A British woman who has been tracking the Internet footsteps of a Minnesota man for allegedly encouraging or advising young people to commit suicide through online chats and social-networking sites believes he may have played a role in a number of hanging deaths and attempted suicides in several countries over the last three years.

Celia Blay, an amateur historian living near Birmingham, said she has been in contact with Minnesota police, who this week took the unusual step of releasing the name of William Francis Melchert-Dinkel. The 46-year-old nurse and father is being investigated in relation to the suicide of 18-year-old Nadia Kajouji, a Carleton University student who was found drowned in the Rideau River near the Ottawa school in April last year.
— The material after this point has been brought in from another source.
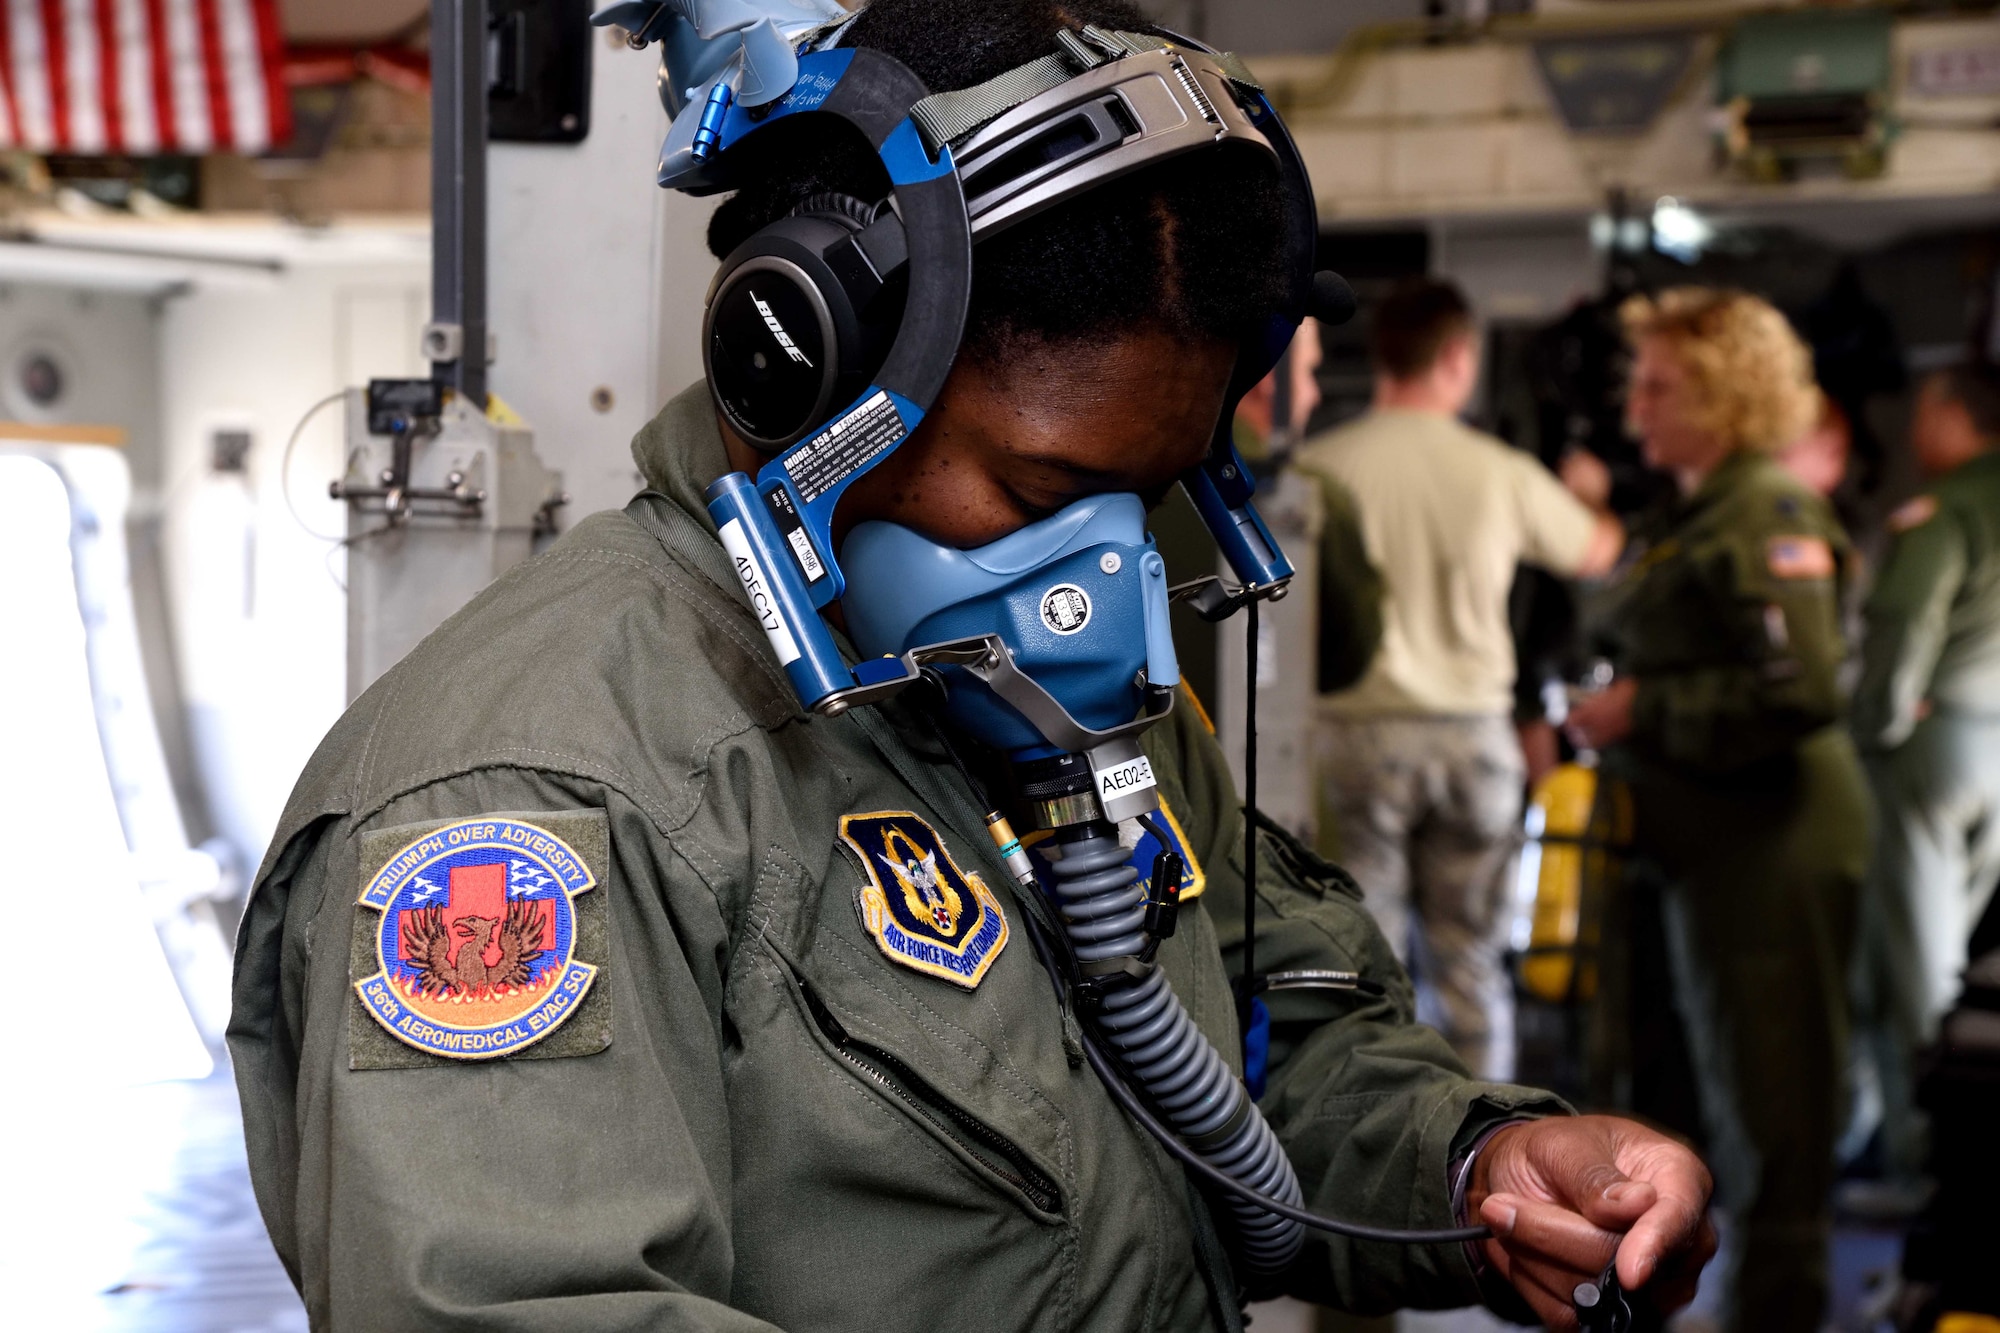 Master Sgt. Kimelyn Hall, 36th Aeromedical Evacuation Squadron aeromedical evacuation technician, tests her self-contained breathing apparatus on a C-17 Globemaster III aircraft from the 183rd Airlift Squadron during Southern Strike 2018 at the Gulfport Combat Readiness Training Center, Mississippi, Oct. 30, 2017. Southern Strike 2018 is a large-scale, joint multinational combat exercise that provides tactical level training for the full spectrum of conflict and emphasizes air dominance, maritime operations, maritime air support, precision engagement, close air support, command and control, personnel recovery, aeromedical evacuation, and combat medical support. (U.S. Air Force photo by Tech. Sgt. Ryan Labadens)

Shortly before her death, Ms. Kajouji conversed online with someone posing as a young woman - now alleged to be Mr. Melchert-Dinkel - who suggested that Ms. Kajouji hang herself and urged her to capture her final moments with a webcam, as part of a joint suicide pact.

In an eerily similar case, a British mother has come forward to say that Mr. Melchert-Dinkel allegedly attempted to make the same pact over the Internet with her 32-year-old son, Mark Drybrough, who hung himself in his Coventry home in 2005. After he died, the family discovered two months of online chats with someone going by the aliases Falcongirl and Li Dao. Elaine Drybrough said she has been co-operating with police in Minnesota since last year, after she failed to persuade local authorities to pursue the case.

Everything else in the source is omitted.